To guess each number $k$, if you assume all values are equally likely, you start with a list of the $N$ possible numbers, one of which is the correct number. You test and eliminate each at a time. For each of these $k \in K$, you already know the expectation of the number of guesses to be $E[p_k,\star] = \frac{N+1}{2}$ from the result in "Expected number of draws until the first good element is chosen". (the notation $p_k$ means that this is the position in list which you reach when guessing the correct number, denoted by $\star$).

Note that, a priori, you cannot verify that any of the $k$ numbers is correct, until you have the entire combination. However you may know the expectation of finding the correct value for each of $k$ numbers, since they are independent problems.

Now, if one expects to have to guess $\frac{N+1}{2}$ times for each $k$, the combinations of all these expected guesses for the total combination yields $E[p,\star] = {(\frac{N+1}{2})}^{16}$.

However, the same reasoning could also be applied to the combination of the independent numbers. So now, let's apply this formula to the entire combination, which is an equivalent problem.

If each independent number $k$ has $N$ possibilities, there are a total of $M = N^{16}$ possible combinations. If one has a list of all the possible $M$ combinations, one can expect to guess the correct combination of 16 numbers after $E[p,\star] = {(\frac{M+1}{2})}$.

However, trivially, ${(\frac{N+1}{2})}^{16} \neq {(\frac{N^{16}+1}{2})}$, and the error can grow quite big for bigger N.

Now say that the expectation for each $k$ is not $\frac{N+1}{2}$, it is instead some value that I approximated experimentally - perhaps I have some algorithm that makes it so I do not need $\frac{N+1}{2}$ guesses, but actually less because the process isn't as random as it claimed. This algorithm may have different expectations for each $k$, since it may not perform as well guessing some of the numbers.

How could I derive, generally, the expectation of the whole combination from the expectation of the parts, when only the whole combination can be verified?

Update: I realized I could not possibly define the expected position of the complete combination without defining a strategy. So, say that the strategy is: start by testing the combination of the best guess for each $k$, then if that is unsuccessful, test all the guesses for the $k$ with the highest expectation $E[p_k,\star]$, since that is the one with most uncertainty, and then proceed by testing all the remaining $k$ in decreasing order of expectation.

Answer 1

I don't think that it is possible to derive the expectation of the whole only from the parts. The expectations of the parts don't contain enough information about the probability distribution. Here is a counter-example:

Suppose you have to guess 2 numbers, each picked from the set $\{1, 2, 3\}$. The first one is picked with probabilities $(0.4, 0.4, 0.2)$, while the second one is picked with probabilities $(0.6, 0.2, 0.2)$. Independently, the expectations will be $1.8$ for the first and $1.6$ for the second. If you write out all the probabilities for the 9 possible combinations, and guess them in decreasing order (which is the best strategy), you'll get an expectation of $3.52$.

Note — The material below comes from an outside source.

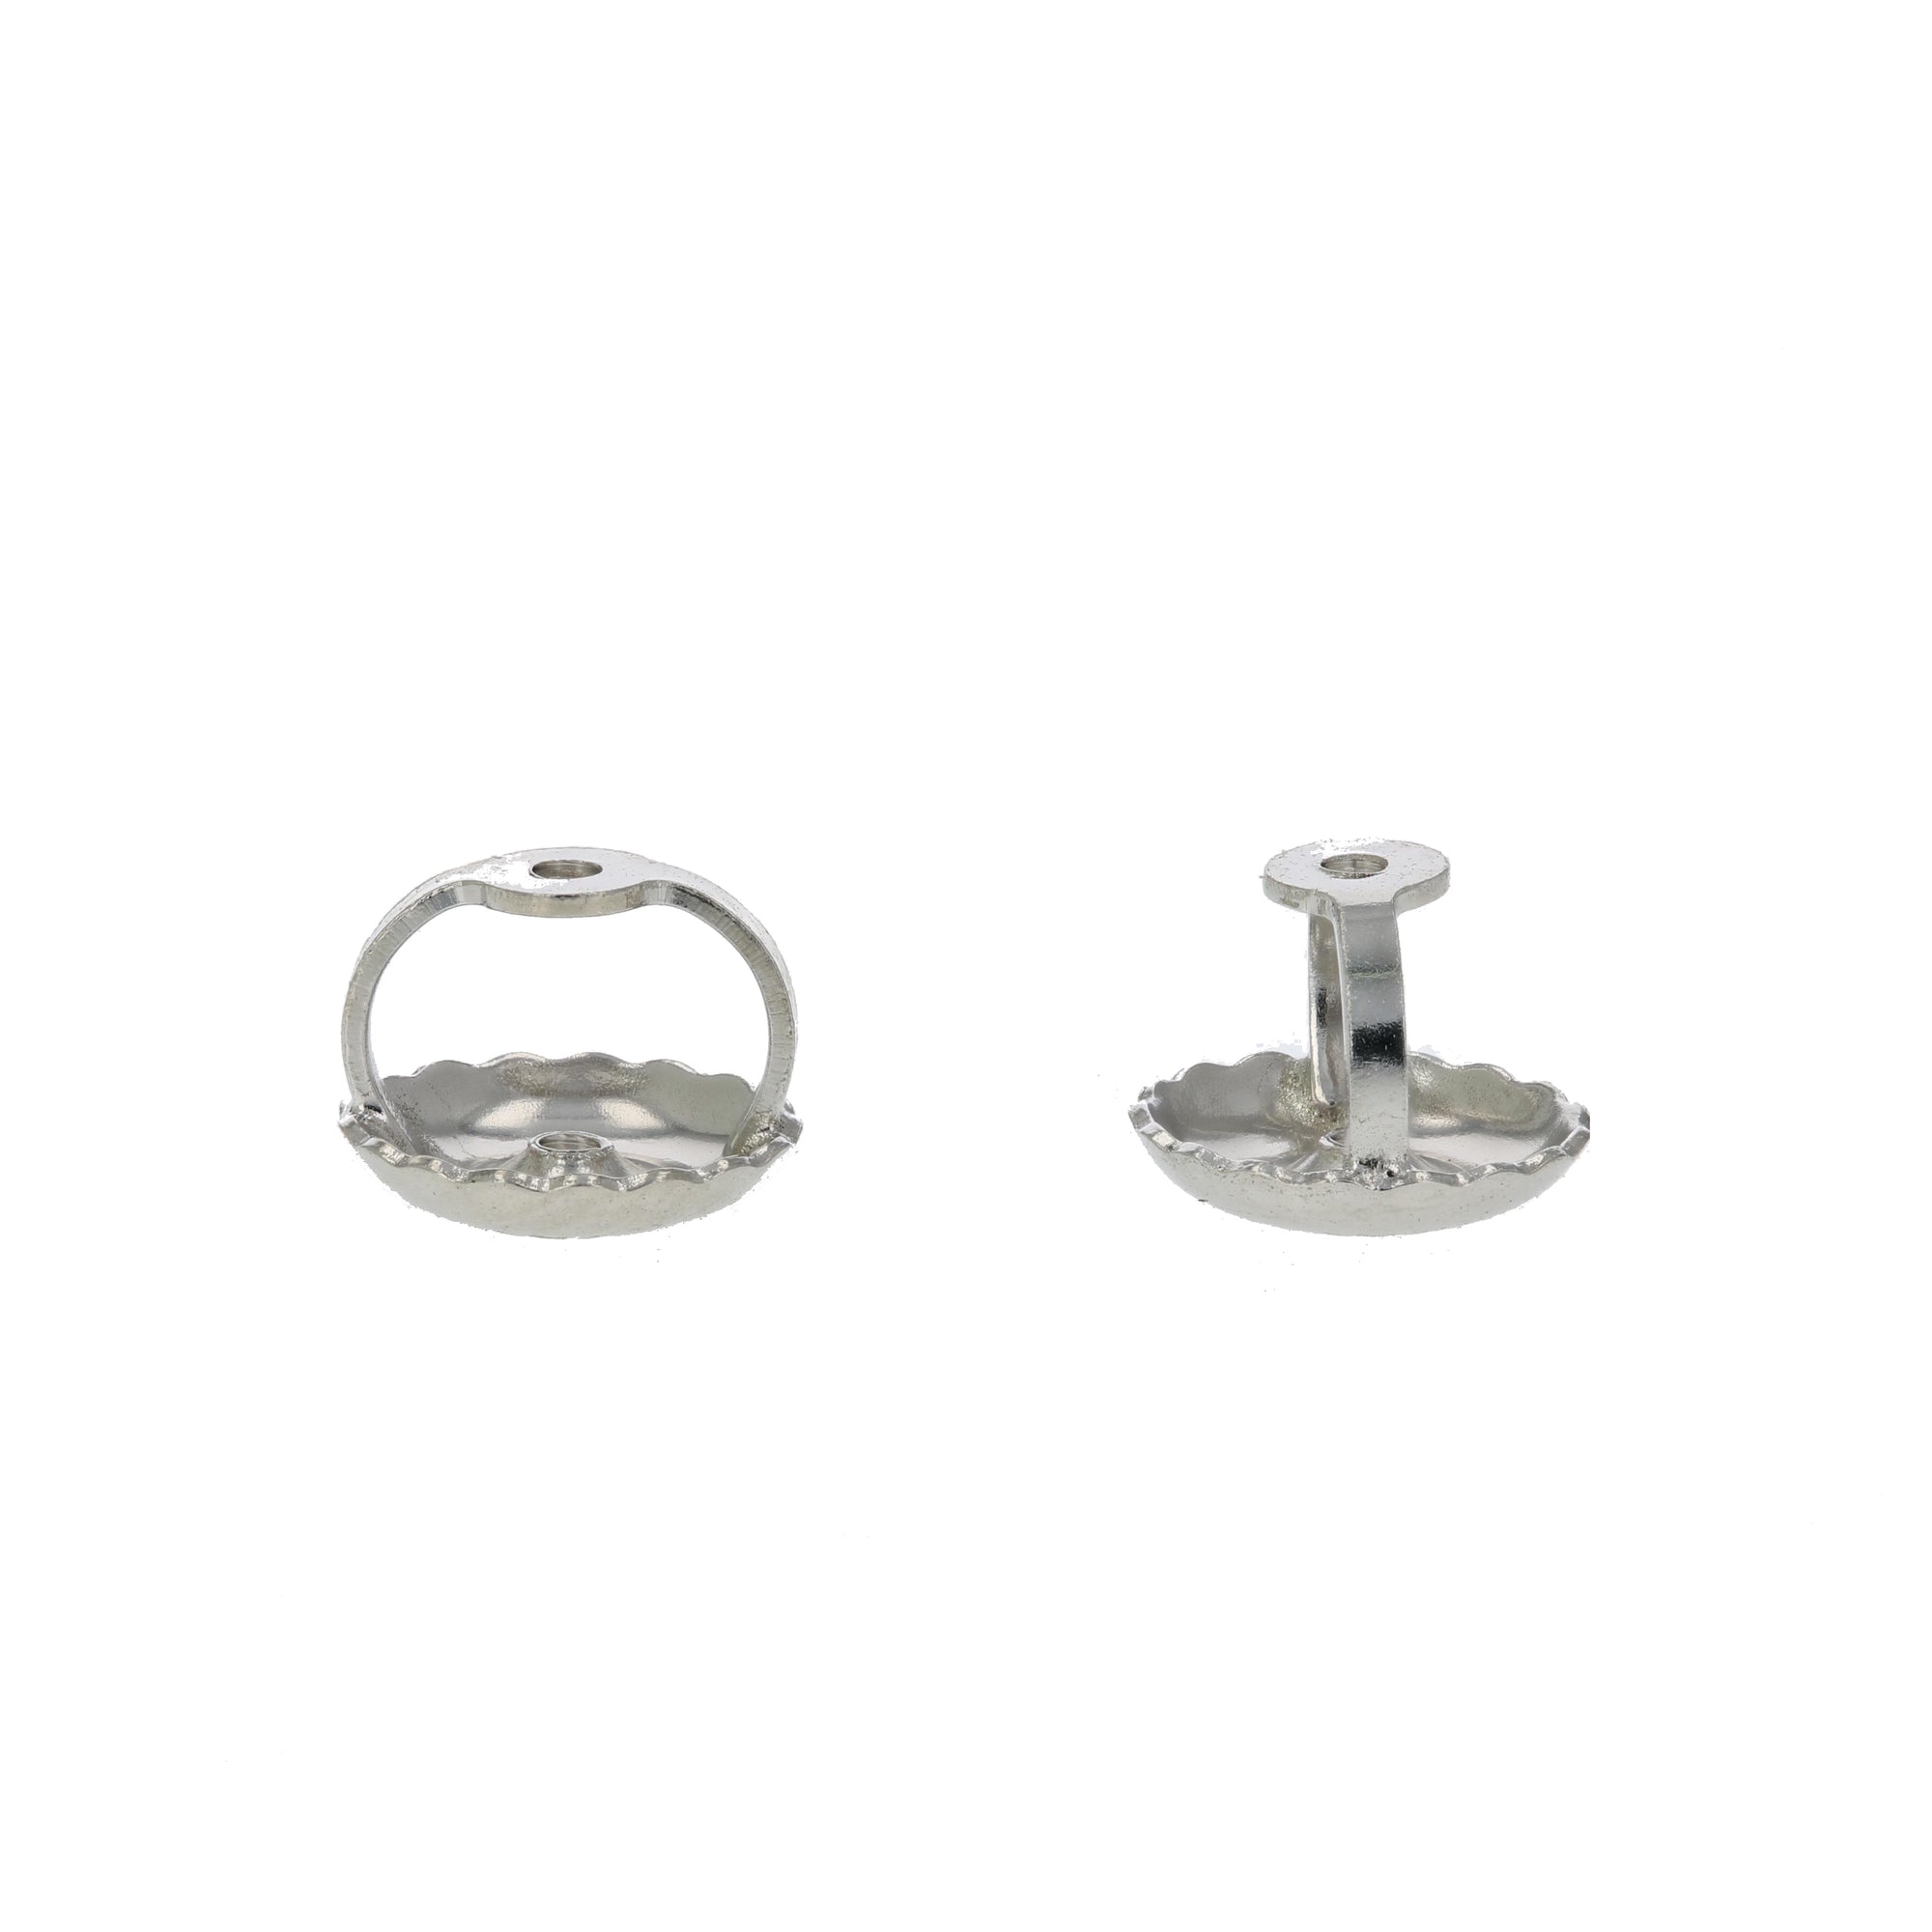 14K White Gold Screw Backs Replacement For Stud Earrings (1 pair)

Now change the distribution on the second number to $(0.5, 0.4, 0.1)$. Independently, the expectation for that is the same as before, $1.6$. But as a combination with the first number (with the same strategy as before), I now get an expectation of $3.48$.

So the overall expectation is not a function of only the expectations of the parts.

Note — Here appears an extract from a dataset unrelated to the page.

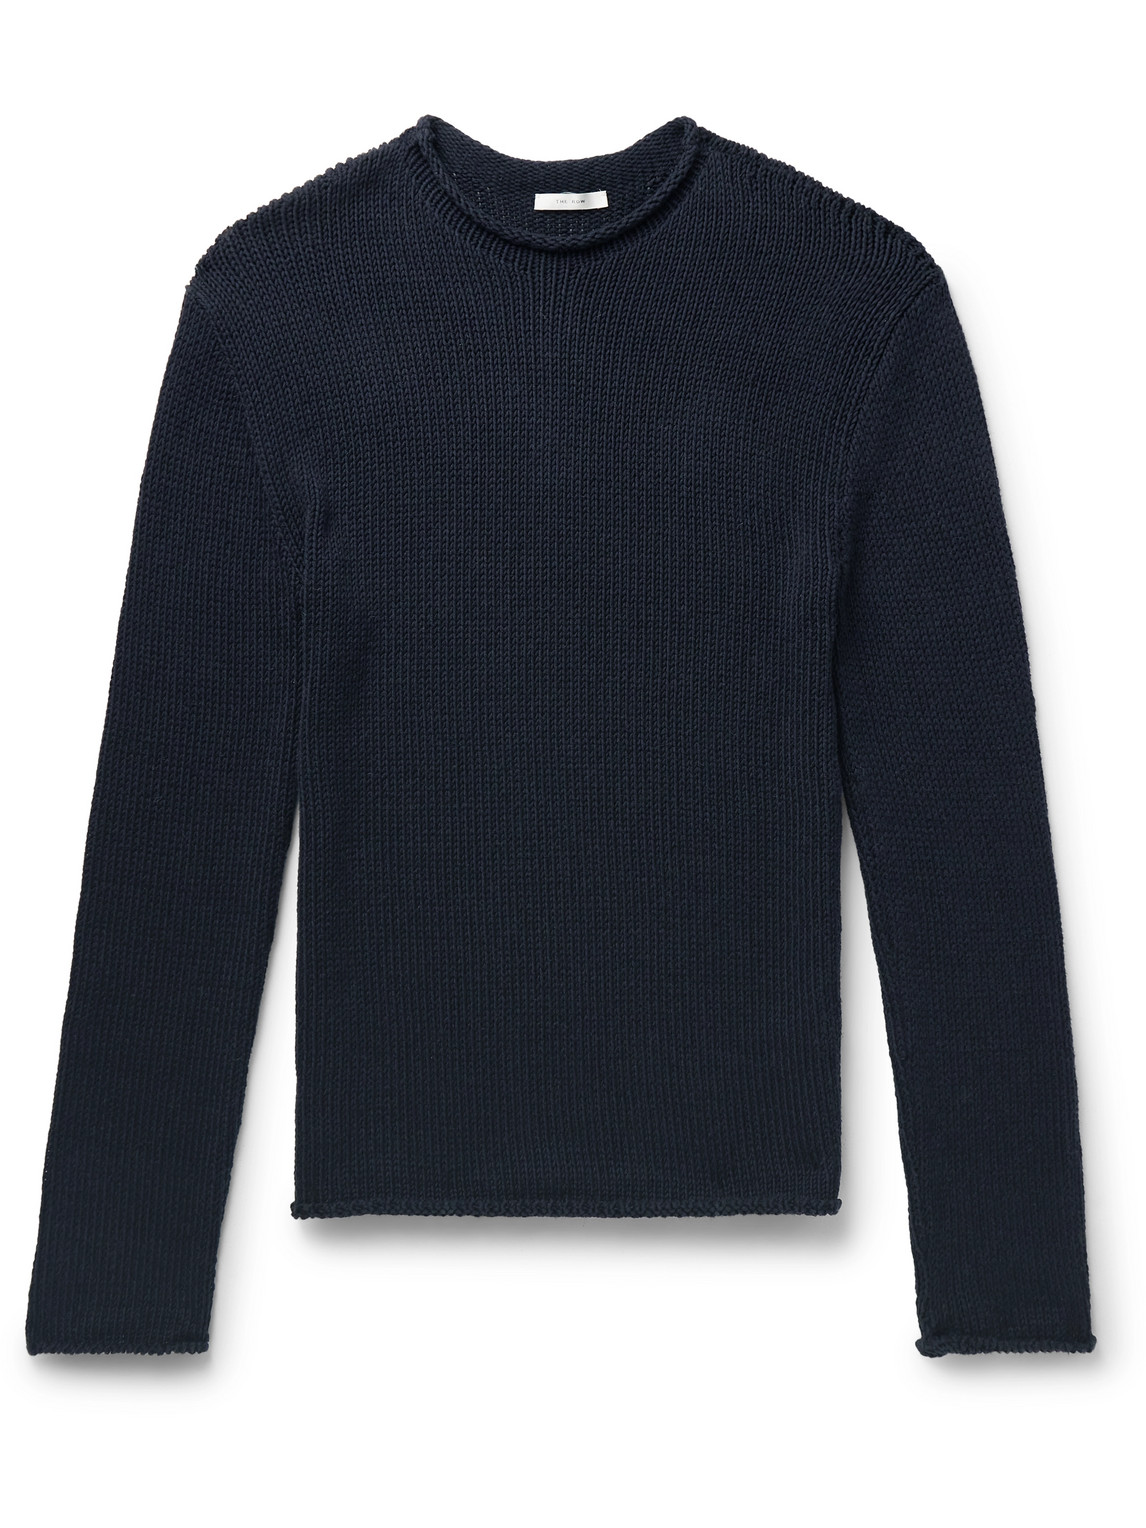 The Row - Anteo Cotton and Cashmere-Blend Sweater - Men - Blue - M von The Row

Of course, my example uses a different strategy from the one you prescribed in the update to your question. When I thought more about it, I found that your strategy does give a way to "combine" the expectations (but as a strategy, it is sub-optimal). The formula I got is (assuming the expectations are ordered from highest to lowest) $$E[p, \star] = 1 + \sum_{i = 1}^{K}N^{i-1}(E[p_i,\star] - 1)$$ I think the easiest way to prove it is by induction on $K$. With my examples above, it gives $3.6$, which is not much worse than what the optimal strategies produce.

Answer 2

The expected number of guesses with the first method is by far lower than the one you got. This is because you have to sum - not multiply - the expected values of the number of guessings for the individual numbers. Then from linearity of expectations we have $$E[p, \: \star] = \sum_{k = 1}^{16} E[p_k, \: \star] = 16\left(\frac{N + 1}{2}\right) = 8(N + 1)$$

For the second method the expectation you found is correct.

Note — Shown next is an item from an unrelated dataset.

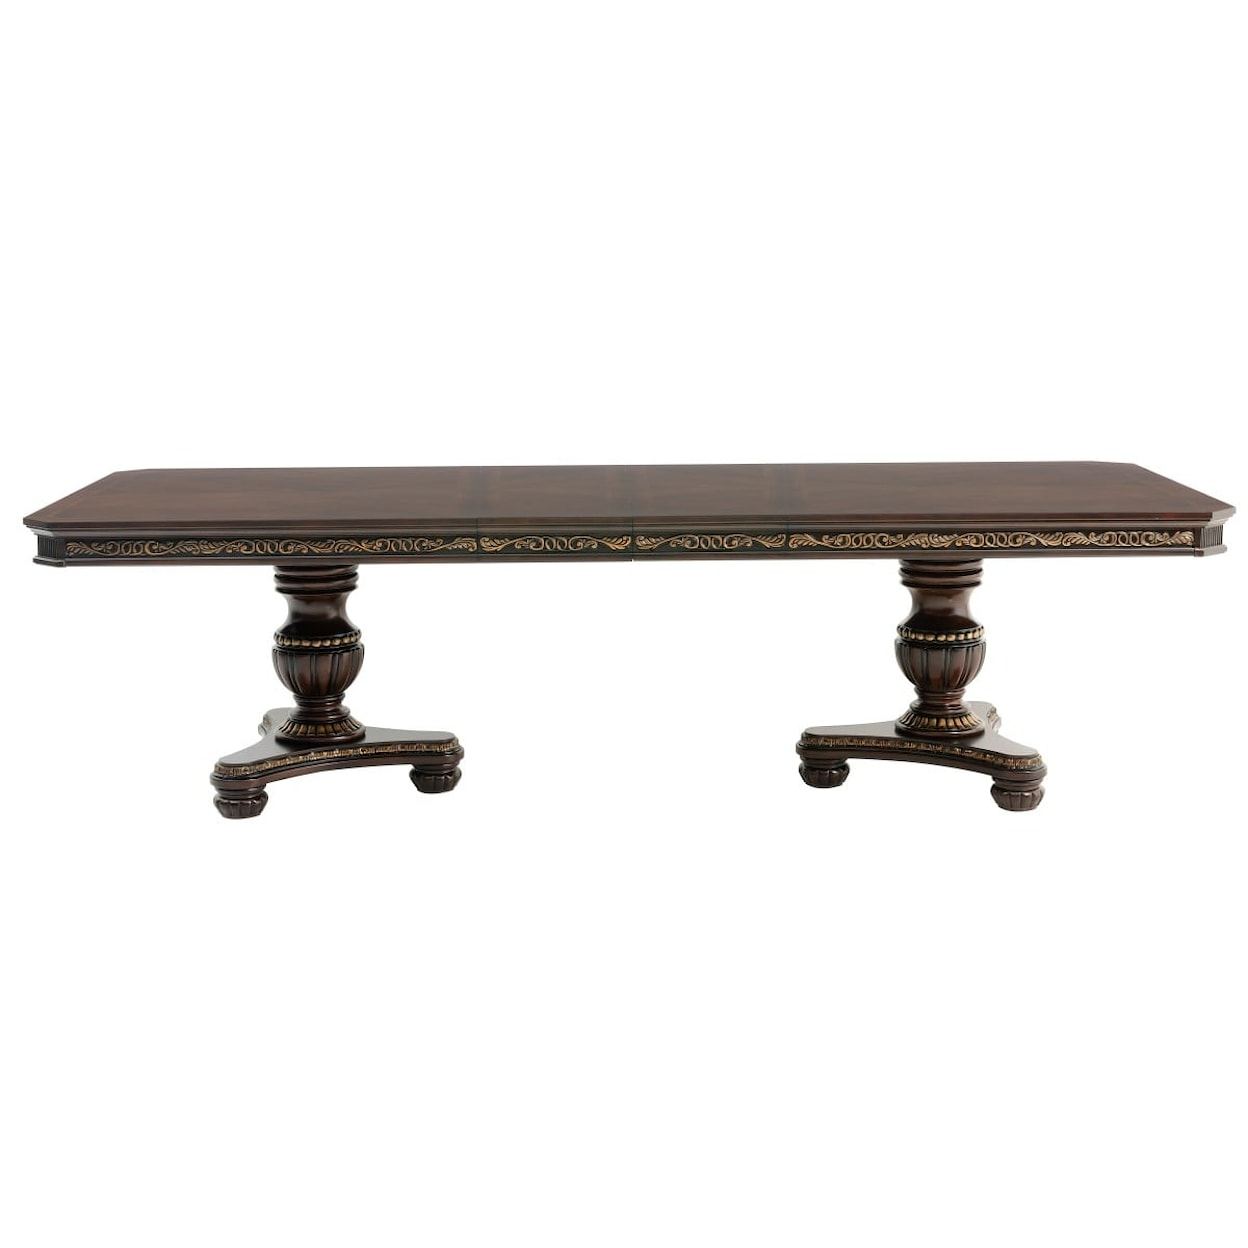 Homelegance Russian Hill Dining Table

So the two expectations do differ, and the first one is actually much much less than the second one (the former grows linearly with $N$, the latter is a polynomial of degree $16$).

Why? Because guessing one number at a time gradually gives you some information about the combination (e.g. after having guessed the first number you know for sure that the combination isn't among the ones that don't start with a different number, so that you won't even try to guess those ones), which doesn't happen when you blindly try to guess the whole sequence.